Integrasi antara wilayah darat dengan laut tersebut masuk dalam rencana pembangunan nasional berwawasan nusantara yang saat ini diterapkan oleh Pemerintah. Contoh paling mudah, adalah integrasi Rencana Tata Ruang Kawasan Perbatasan Negara (RTR KPN) dengan laut lepas dan 12 RZ KSNT yang saat ini sudah selesai.

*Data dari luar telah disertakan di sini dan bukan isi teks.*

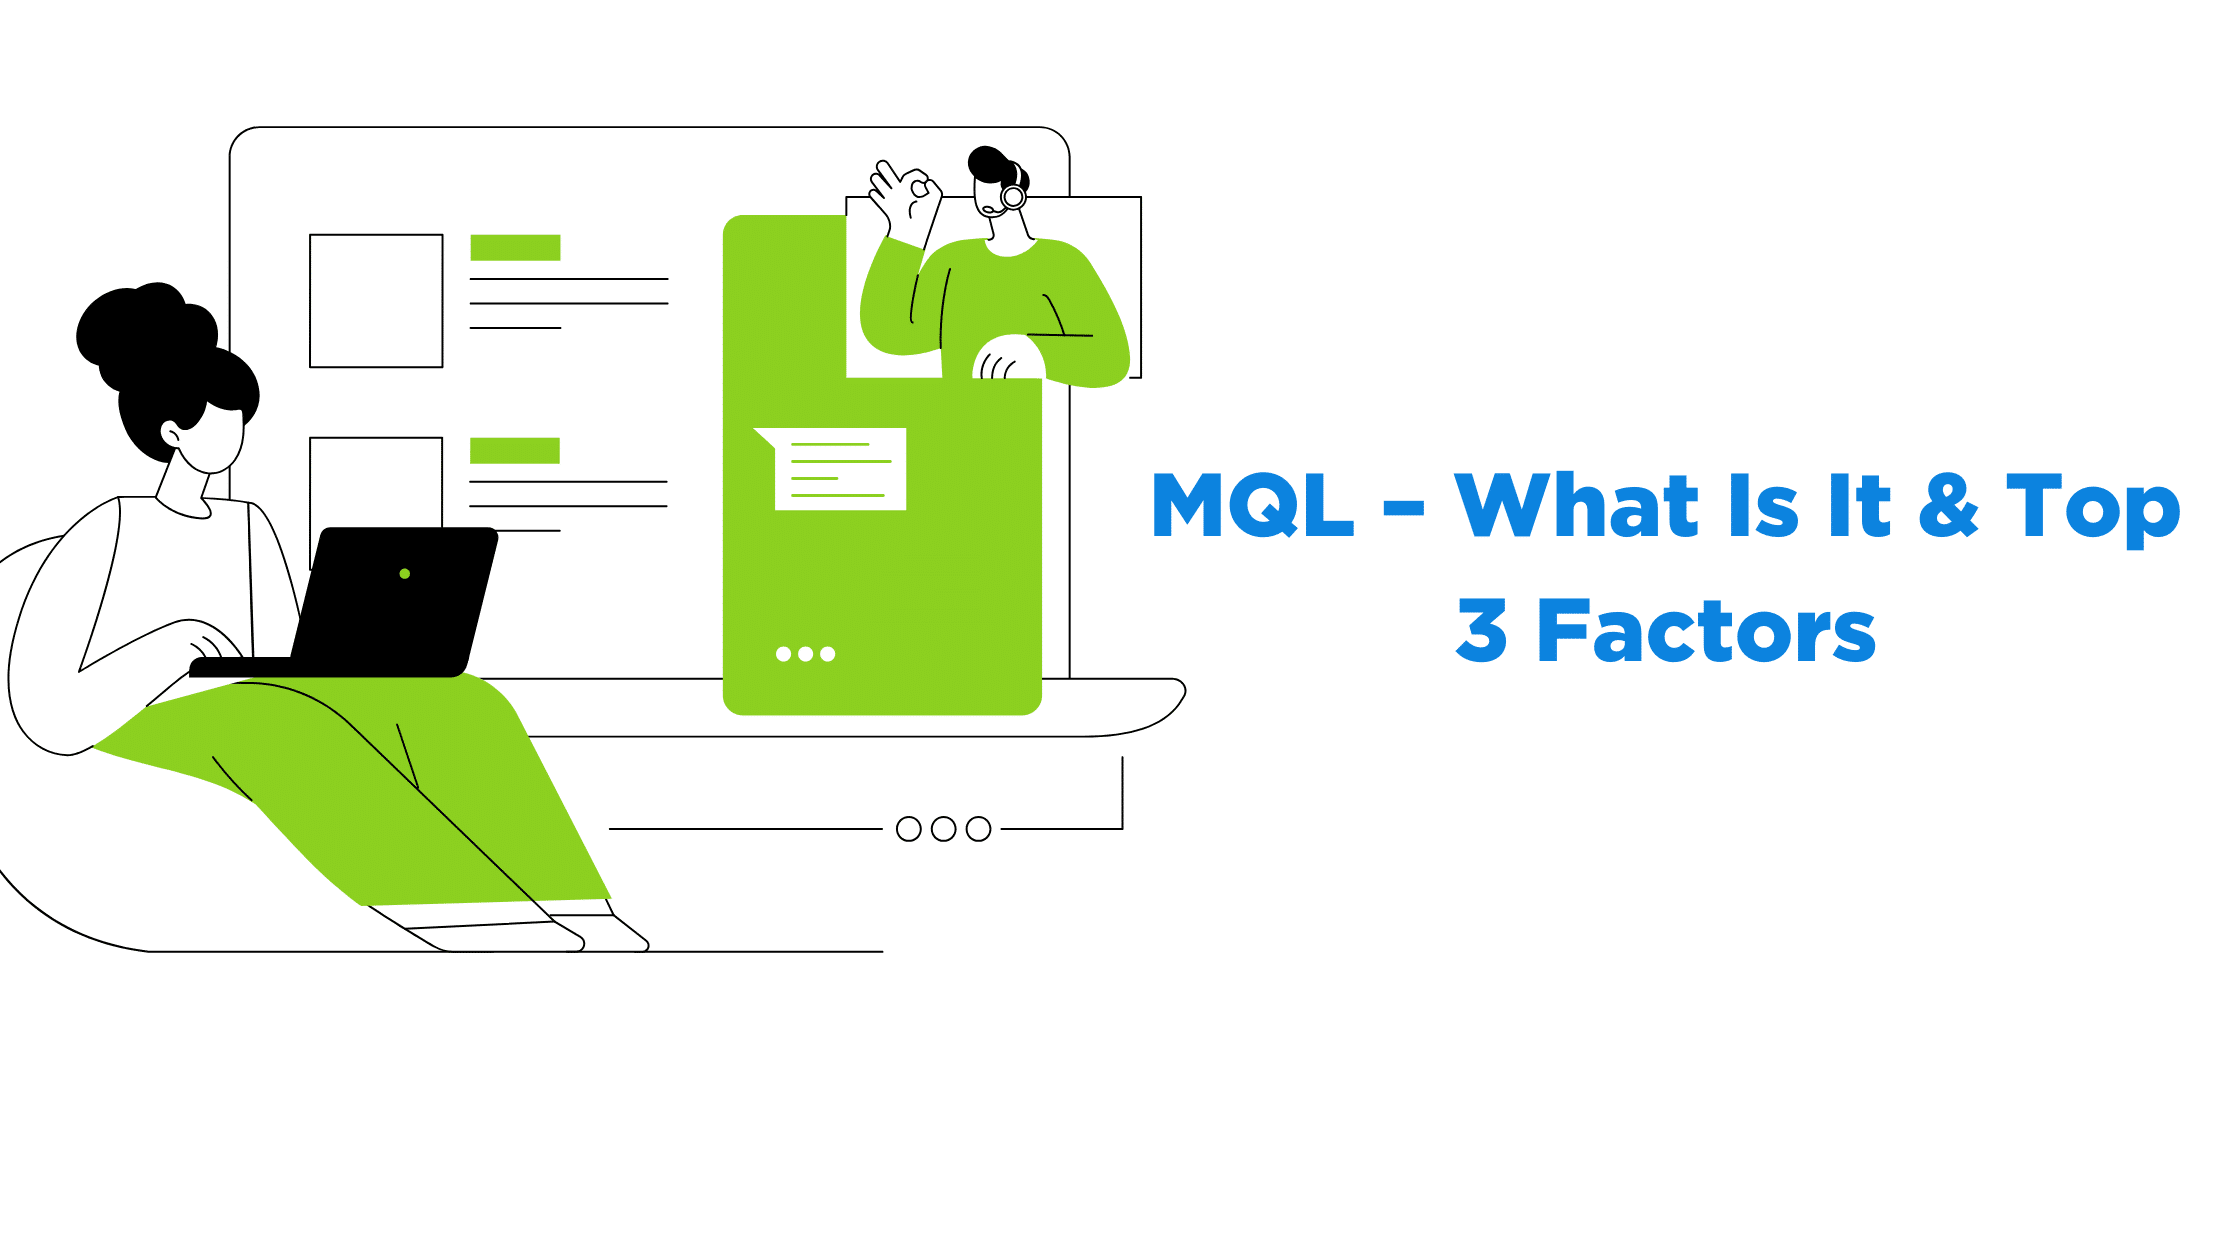 MQL – What Is It & Top 3 Factors

Ke-12 RZ KSNT itu, adalah RZ KSNT Klaster Raya-Rusa, RZ KSNT Klaster Simeulue, RZ KSNT Klaster Nias, RZ KSNT Klaster Mentawai, RZ KSNT Klaster Bengkulu, RZ KSNT Pulau Bertuah, RZ KSNT Klaster Banten, RZ KSNT Klaster Jawa Barat, RZ KSNT Pulau Nusakambangan, RZ KSNT Klaster Jawa Timur, RZ KSNT Pulau Nusa Penida, dan RZ KSNT Gili Sepatang.
Sementara, Kepala Pusat Pemetaan Tata Ruang dan Atlas Badan Informasi Geospasial (BIG) Ing Khafid menjelaskan bahwa penataan ruang yang terjadi pada masa kini memerlukan transformasi digital dengan mengadopsi teknologi mutakhir.
Namun, untuk melakukan proses transformasi digital, itu memerlukan dukungan data dan informasi Geospasial yang mumpuni. Jika proses tersebut berhasil, maka kebijakan satu peta satu data akan bisa terwujud di Indonesia.
“Ada manfaat yang akan dinikmati oleh pembangunan nasional,” jelas dia.